Terr_ · on July 1, 2017

Of course, the alternative before that may have been "any network error or machine error brings everything down".

When it's asychronous, it's easier to tolerate random errors or downtime, but the cost is that you have to store the message somewhere...

mavhc · on June 30, 2017

Expected story about 2001, was disappointed.

Good overview from my perspective of not knowing much about such systems.

cpeterso · on June 30, 2017

I was expecting a geometry puzzle about subdividing a 1:4:9 monolith into smaller 1:4:9 monoliths. :)

FigmentEngine · on June 30, 2017

just before the "l"

douche · on June 30, 2017

Hmm, I submitted this yesterday, but it got lost in the scrum.
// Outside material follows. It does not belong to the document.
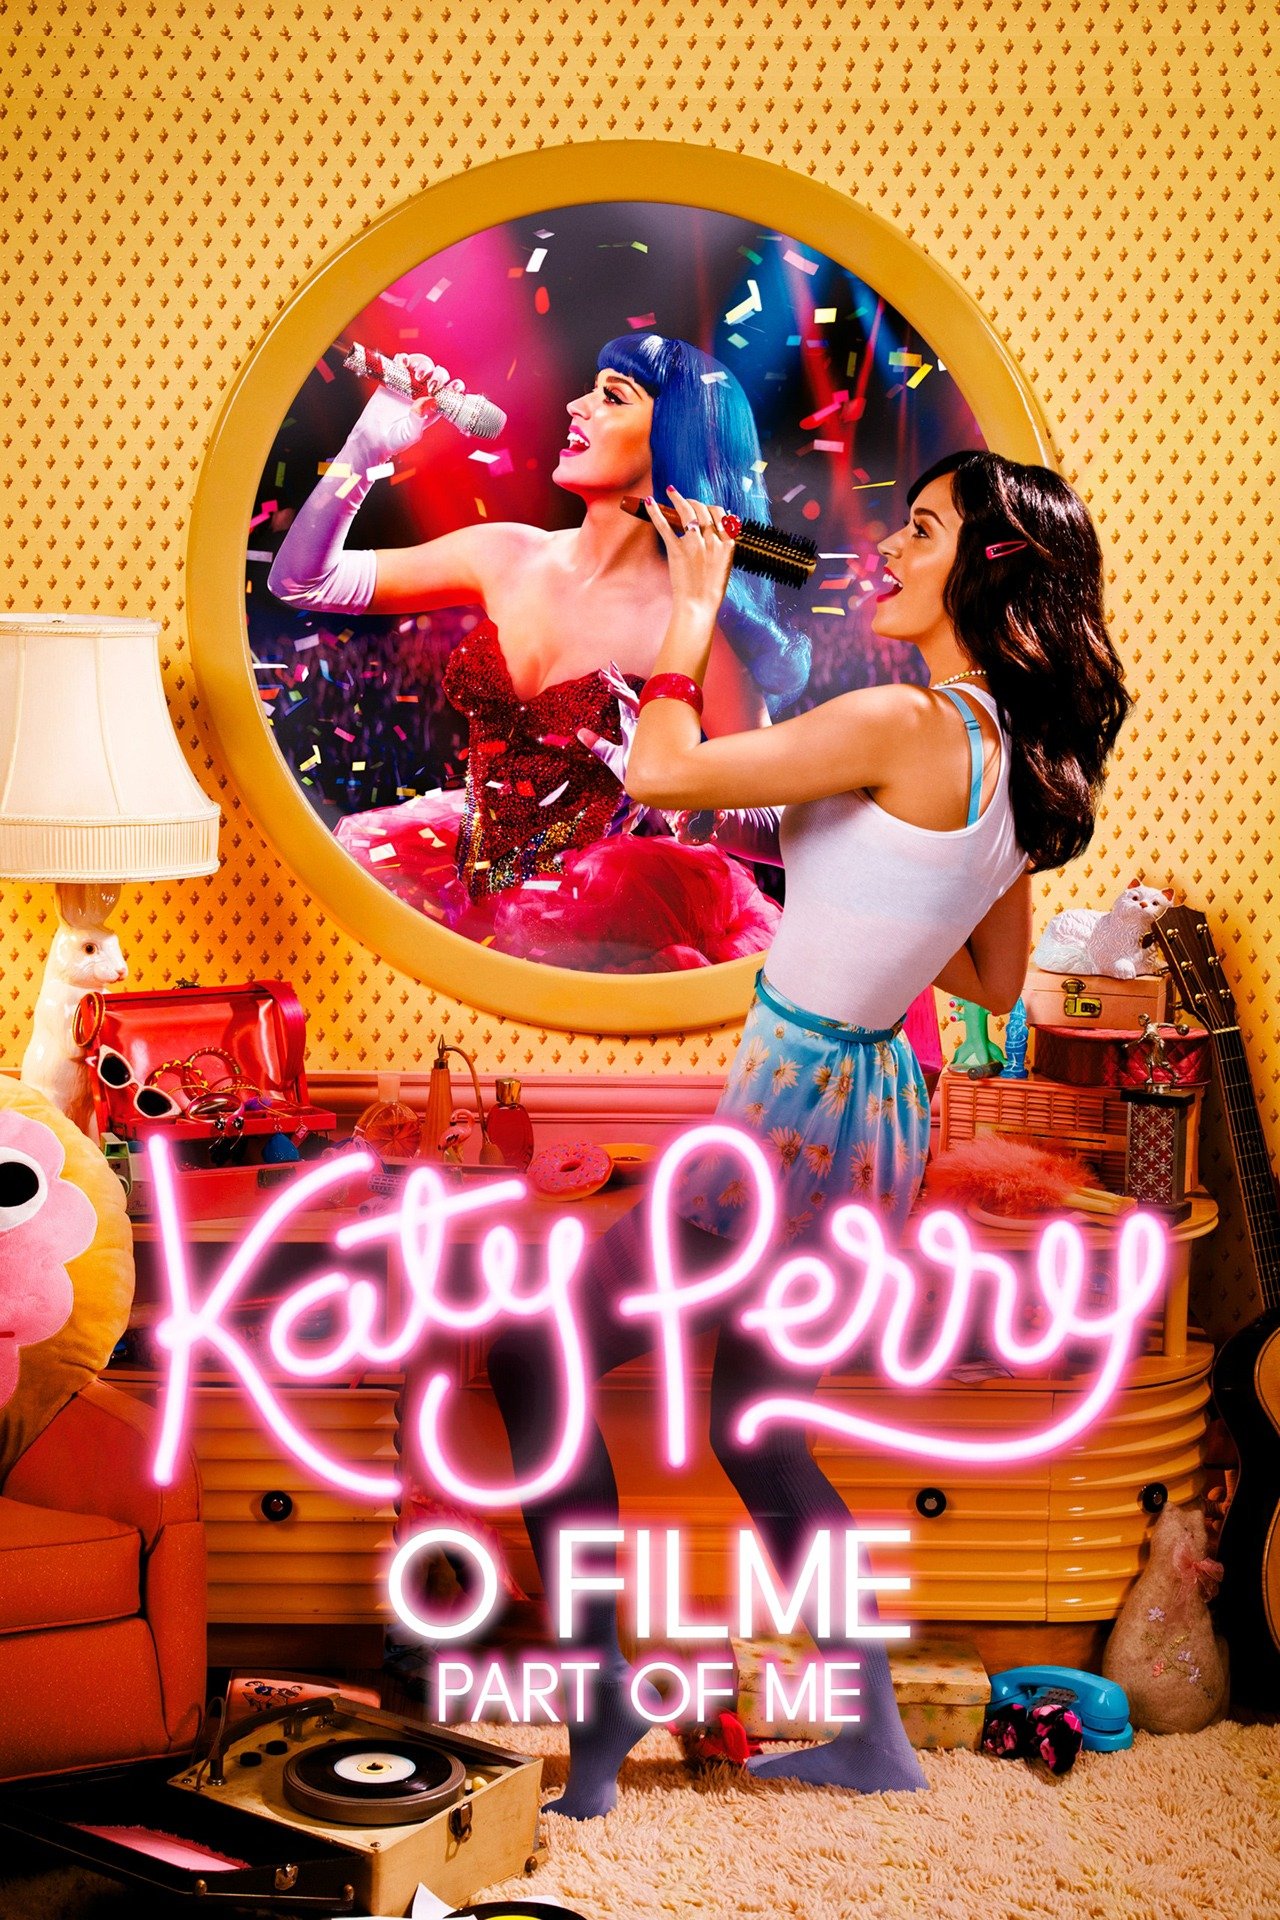 Katy Perry - Part of Me (Clipe Oficial) (Legendado/Tradução) (PT-BR) 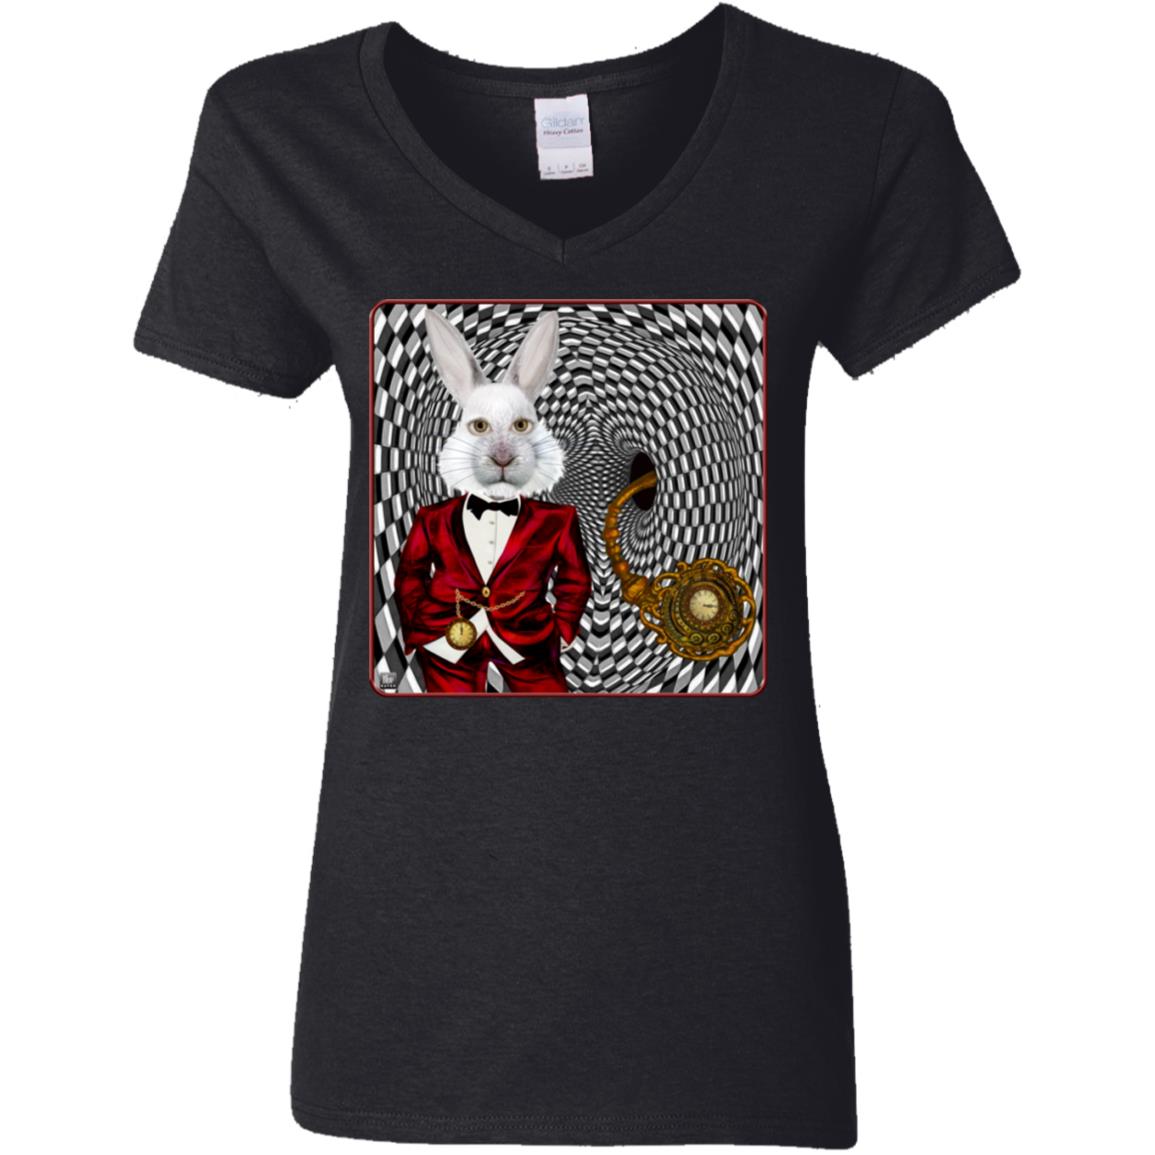 Portrait Of The White Rabbit - Women's V-Neck T Shirt

It's always interesting to hear real reports from the trenches that aren't essentially ads for technology XYZ. I'm afraid that all too often, we make things more complicated for bad reasons; whether ignorance, chasing the latest trend, or resume-driven-development...

robertlagrant · on June 30, 2017

Message-oriented stuff has been around a long time, so I don't think it's a fad.

It's basically taking the concept of "integration" (or API) itself and creating a product for it, just as a database is a product for the concept of persistence. Thus just as not every application has to reinvent a database, with a messaging product not every product has to reinvent queueing up integration calls if the target system isn't available.

The article also mentions request-reply being "what you really want", I think that this is a) not true, as a lot of the time you can fire and forget, and b) when you need it the products generally provide a request-reply API on top of their lower-level APIs. No need to reinvent.

scaryclam · on June 30, 2017

I got the impression that the author didn't really want a message based system at all, but rather a request response system that they tried to impliment within a message broker. Of course that's going to create more headaches than it solves; it's the wrong solution.

Both message brokers and request-response code have their places in distributed systems, but they really need to learn when each is appropriate.

I agree, saying that request-reply is "what you really want" was kind of silly, especially after the opening paragraph that states "it depends".

ambicapter · on June 30, 2017

Can you elucidate the differences between message-broker and request-response use cases in your eyes?

marcosdumay · on June 30, 2017

In my eyes (where the GP makes perfect sense), a message broker is asynchronous, there's no implicit wait while your consumers work on our request. A request-response interface will stop the producer until the consumer is done.